Ela já havia se conformado com sua realidade, mas nessa época do ano era sempre a mais difícil. O dia dos namorados, que teoricamente era pra ser um dia péssimo, era um ótimo dia. Antes de chegar à imobiliária, onde trabalhava, ela passava pela floricultura, escolhia com cautela as flores mais bonitas, e pedia que entregassem o presente algumas horas mais tarde, no escritório. As velhas senhoras, e até as estagiárias jovenzinhas contorciam-se de inveja e de curiosidade quando viam aquele imenso buquê destinado a ela. Um caso antigo – dizia ela, com um sorriso no rosto enquanto simulava uma ligação apaixonada para algum rapaz inexistente. E voltava para casa caminhando, com as flores na mão, imaginando as pessoas que passavam por ela, e invejavam o bom gosto do apaixonado namorado que lhe dera flores. Mas em dezembro, ela sempre estava de férias, suas poucas amigas estavam com suas famílias, maridos ou namorados, e ela se via sempre sozinha, numa cidade grande, sem ninguém. A solidão era sua única companhia.
Era véspera de natal, e Vera encontrava-se sentada no sofá, perguntando-se porque insistem em todo ano, exibir aquele show cafona do Roberto Carlos na TV. Observou aquele ex-galã cantando músicas que embalaram algumas de suas noites, admirou seus cabelos grisalhos, e questionava-se se o Rei era adepto a escova progressiva, ou a boa e velha chapinha. Subitamente desejou um gole de vinho. Afinal, lá estava ela, na noite de 24 de dezembro, sem nenhum peru que pudesse comer ou comê-la. Merecia embriagar-se até que o álcool a fizesse dormir feito uma mulher amada. Vestiu uma roupa qualquer, e pelas ruas escuras e quase vazias, foi em busca de seu único e acessível prazer. Encontrou uma loja de conveniência, num posto de gasolina a duas quadras de sua casa. Foi muito mal atendida pela vendedora. Se ela tivesse em qualquer outra situação, entenderia que o mau atendimento não é uma coisa pessoal, mas que é muita sacanagem ter de trabalhar enquanto todos estão se divertindo, mas naquele dia, Vera não entendeu, e do fundo de sua alma, não queria mesmo entender. Ela adoraria ter um trabalho para fazer naquela noite, ocupar a cabeça, mas não tinha. Estava presa com ela mesma no apartamento mais triste da terra, exceto claro, o da família Richthofen.

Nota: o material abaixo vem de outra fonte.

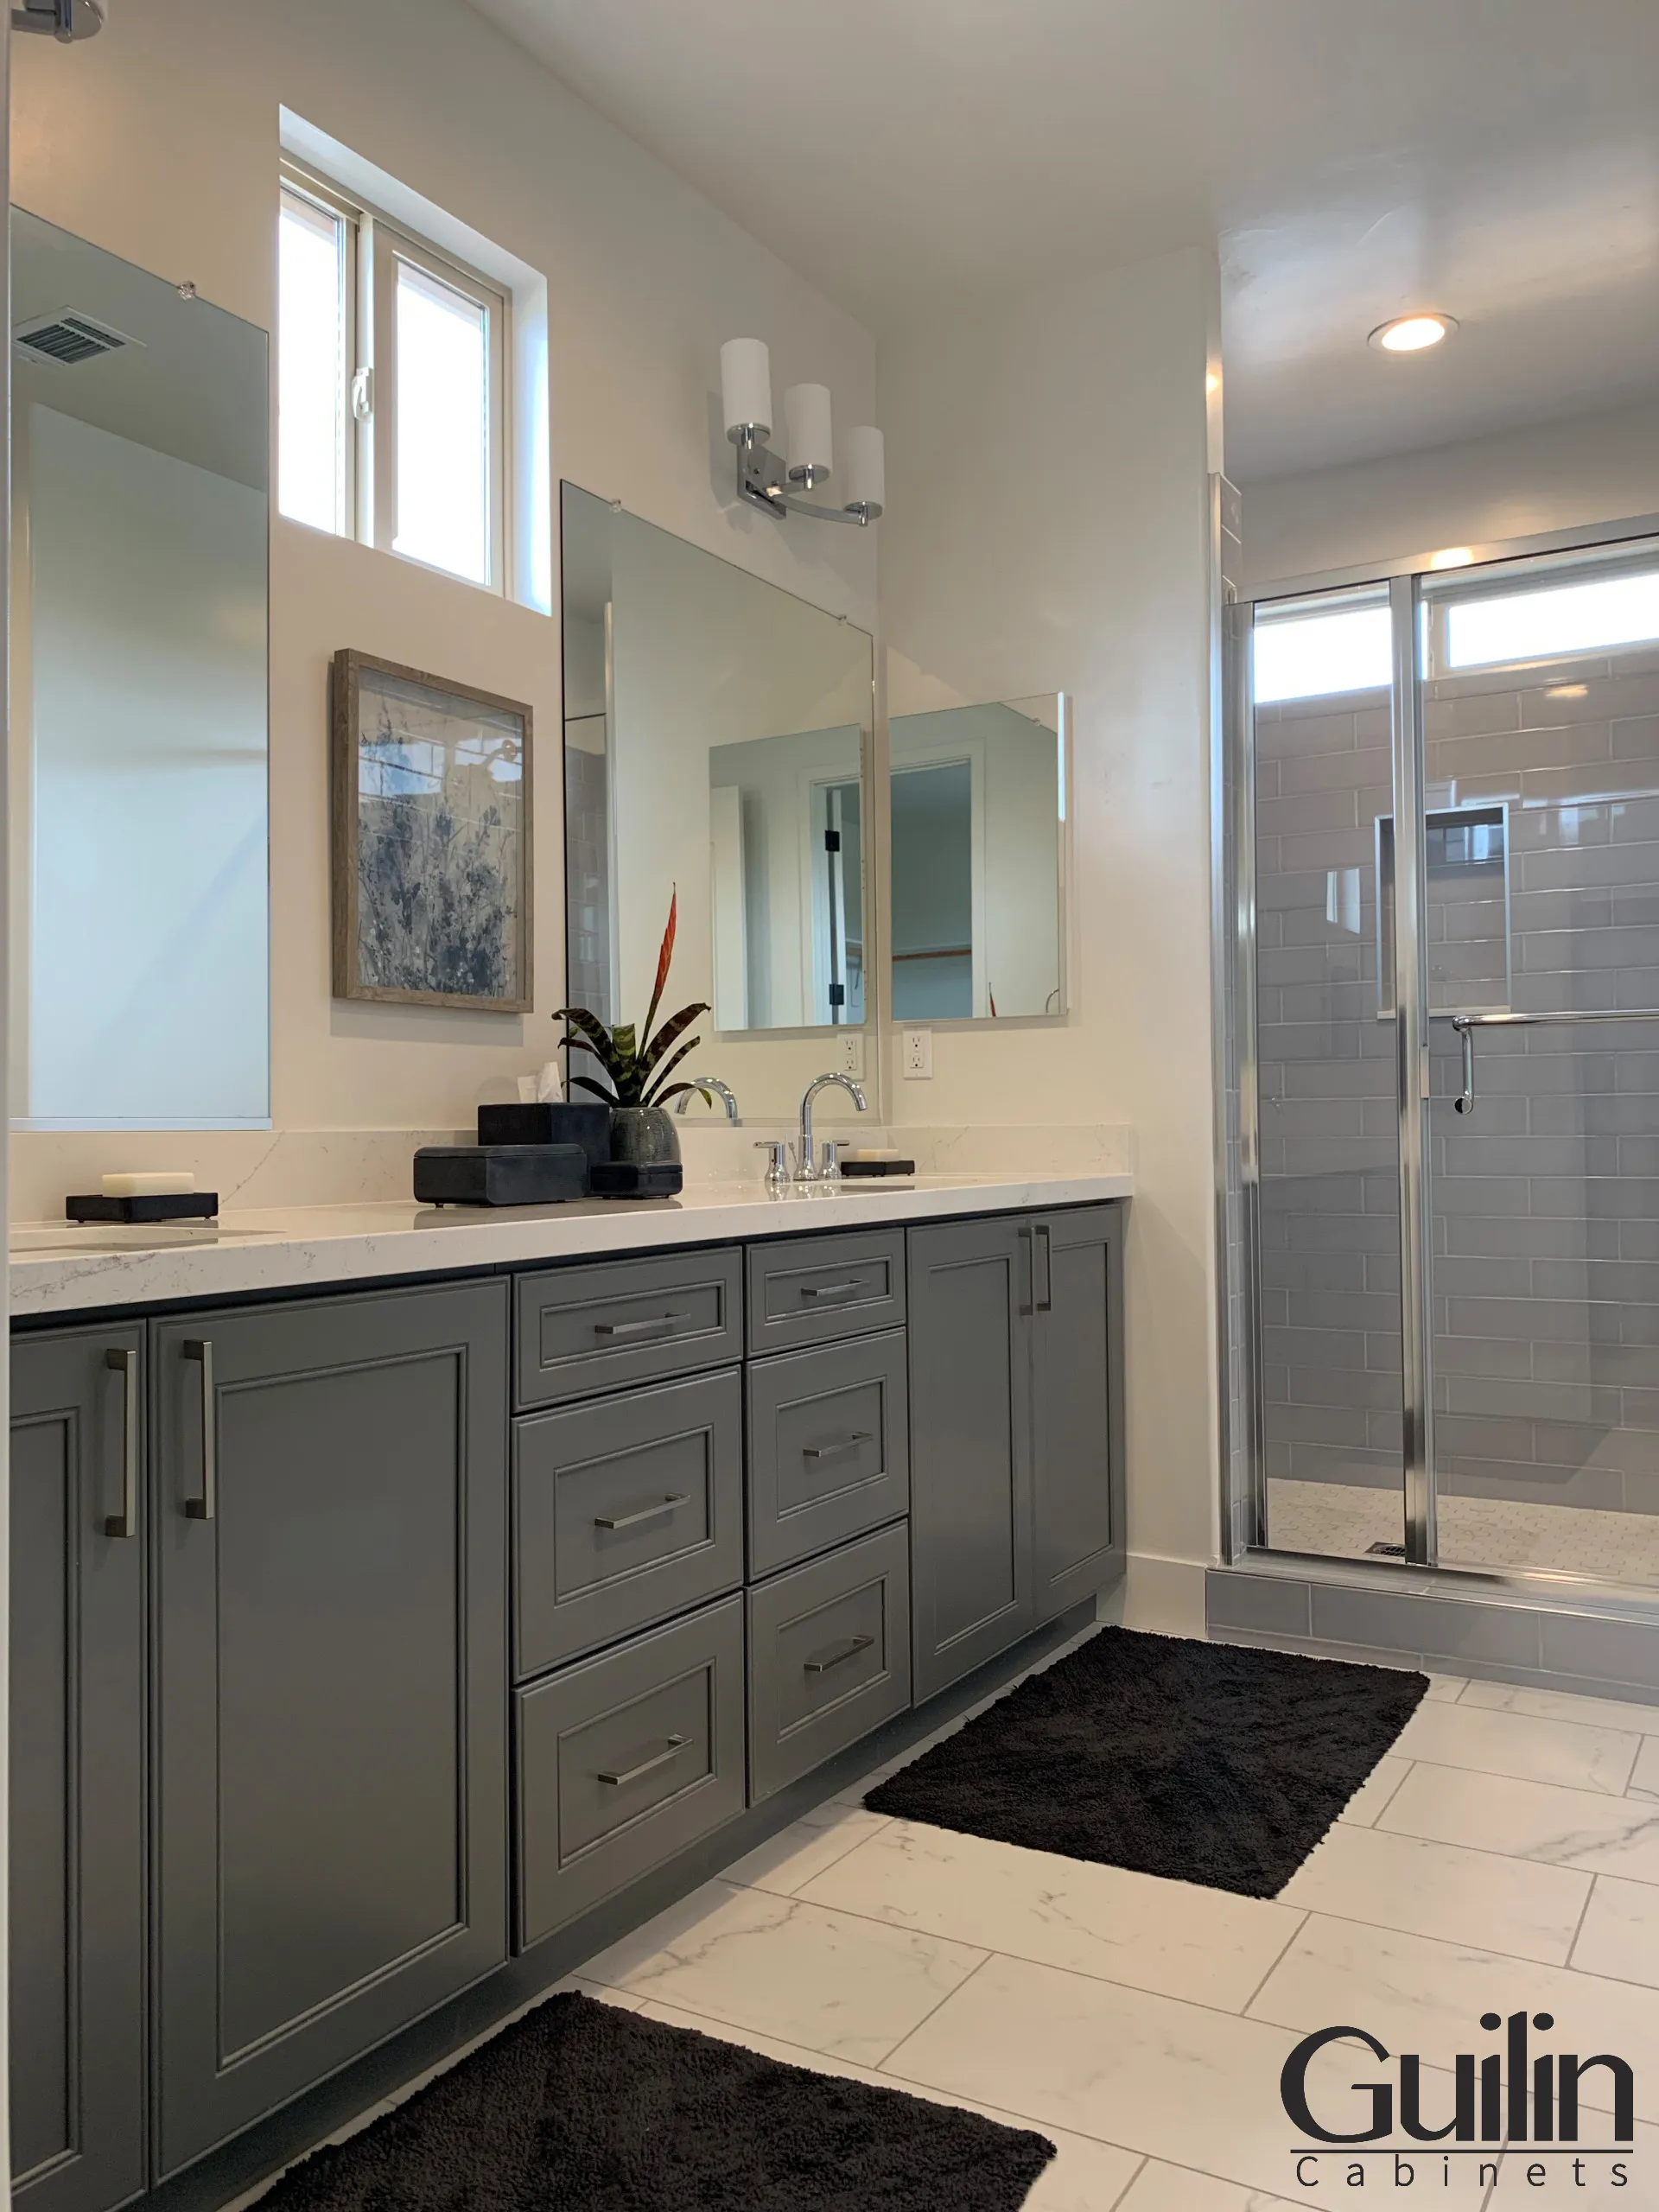 the minimum size for a master bathroom is around 50 square feet

No pequeno e precário estabelecimento não tinha vinho, então pegou duas garrafa de vodka. Antes de chegar ao caixa, Vera vingou-se da má vontade da vendedora: soltou uma das garrafas, que espatifou no chão, fazendo com que a vodka espirrasse por quase, se não todo, o local. Acho que Deus não quer que eu e meus amigos fiquemos bêbados essa noite! Vou levar uma só! – disse, sorrindo descaradamente. Pagou, e saiu da loja.
Voltava para casa em passos lentos e goles profundos. A rua estava vazia. Virou a esquina, e um carro vinha em sua direção, e quando se aproximou mais de Vera, o automóvel diminuiu a velocidade. Em dias normais, Vera já teria saído correndo, mas no natal, não teve medo. Ninguém mata ninguém no dia 24 de dezembro. Tem que ser uma pessoa bem sem vergonha na cara. O vidro do carro desceu, fazendo aquele barulho de tecnologia barata ecoar pela noite. Um rapaz bem afeiçoado disse alguma coisa, mas Vera não conseguiu ouvir. Talvez porque a vodka já estivesse fazendo efeito, ou porque o cara tenha falado baixo demais. Isso não vem ao caso. Vera caminhou em direção ao carro e inclinou-se um pouco. Entra, agora! – disse o rapaz, num tom de voz tão másculo e violento, que a mulher entrou.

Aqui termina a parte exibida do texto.